How adult fly testes keep from changing into ovaries
New research in flies shows how cells in adult reproductive organs maintain their sexual identity. The study, publishing online on November 13 in the Cell Press journal Developmental Cell, also identified a mutation that can switch the cells' sexual identity. The findings could lead to new insights on how to alter cells for therapeutic purposes.

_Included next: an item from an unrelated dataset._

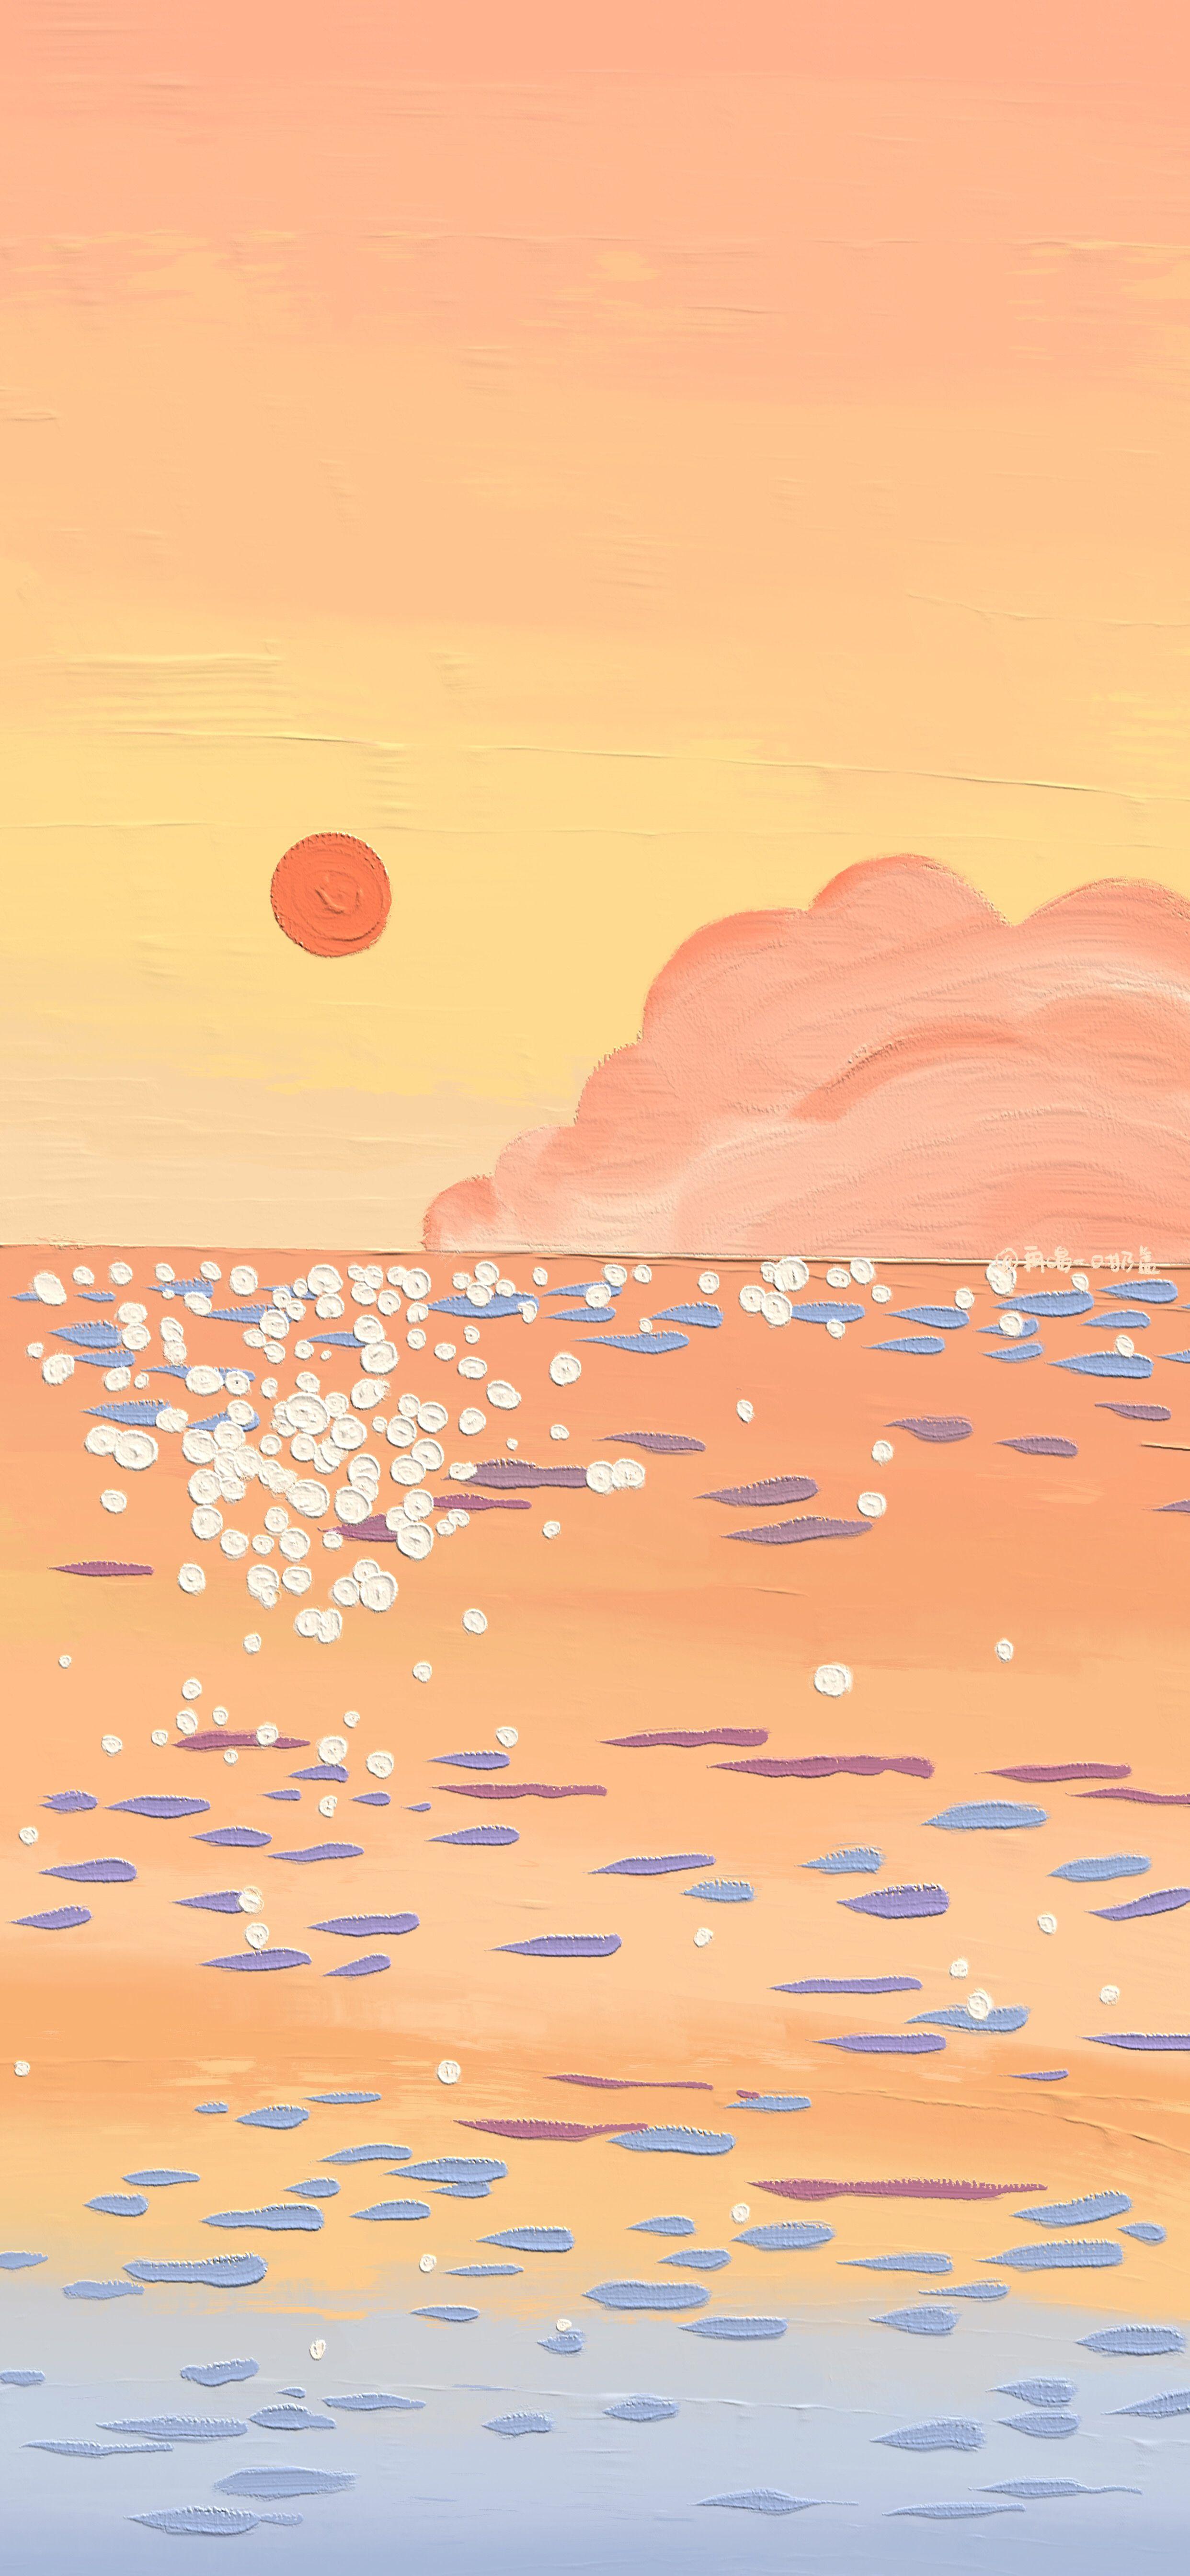 Pin Oleh Di Layout Abstrak Lukisan Seni Seni Gif Aesthetic wallpaper gif phone

Sperm and eggs are made from germ cells, but instructions from their neighboring support cells—called somatic cells—are also essential for their development. By studying the formation of sperm in fruit flies, which is remarkably similar to the process that occurs in people, investigators serendipitously found a mutation that gave testes a very unusual appearance. "Rather than becoming sperm, germ cells were stuck at an early stage, and they were surrounded by support cells that looked suspiciously like those belonging in an ovary," says senior author Dr. Erika Matunis of The Johns Hopkins School of Medicine. Her research team found that the mutation blocked the function of a specific gene in the stem cells that becomes support cells in the testis, causing the fruit flies to change from a male to a female identity.
The research is the first to show that adult stem cells actively maintain their sexual identity. The mutation the investigators found causes the stem cells in males to switch their sexual identities and start making support cells that belong in the ovary. This ultimately derails the production of sperm. "The molecules that govern this process are highly conserved, which suggests that similar mechanisms could operate in human testes," says Matunis.
The changes seen in this study are an example of transdifferentiation, or the conversion from one cell type to another. The topic is of considerable interest because promoting transdifferentiation in a directed manner may be useful for regenerating damaged organs or tissues. Doing so will require a thorough understanding of how cell fate conversions are regulated. "We are excited to have a powerful genetic system for studying transdifferentiation of stem cells at the mechanistic level," says Matunis. The research might also provide insights into how cells transform from a normal state to a cancerous one.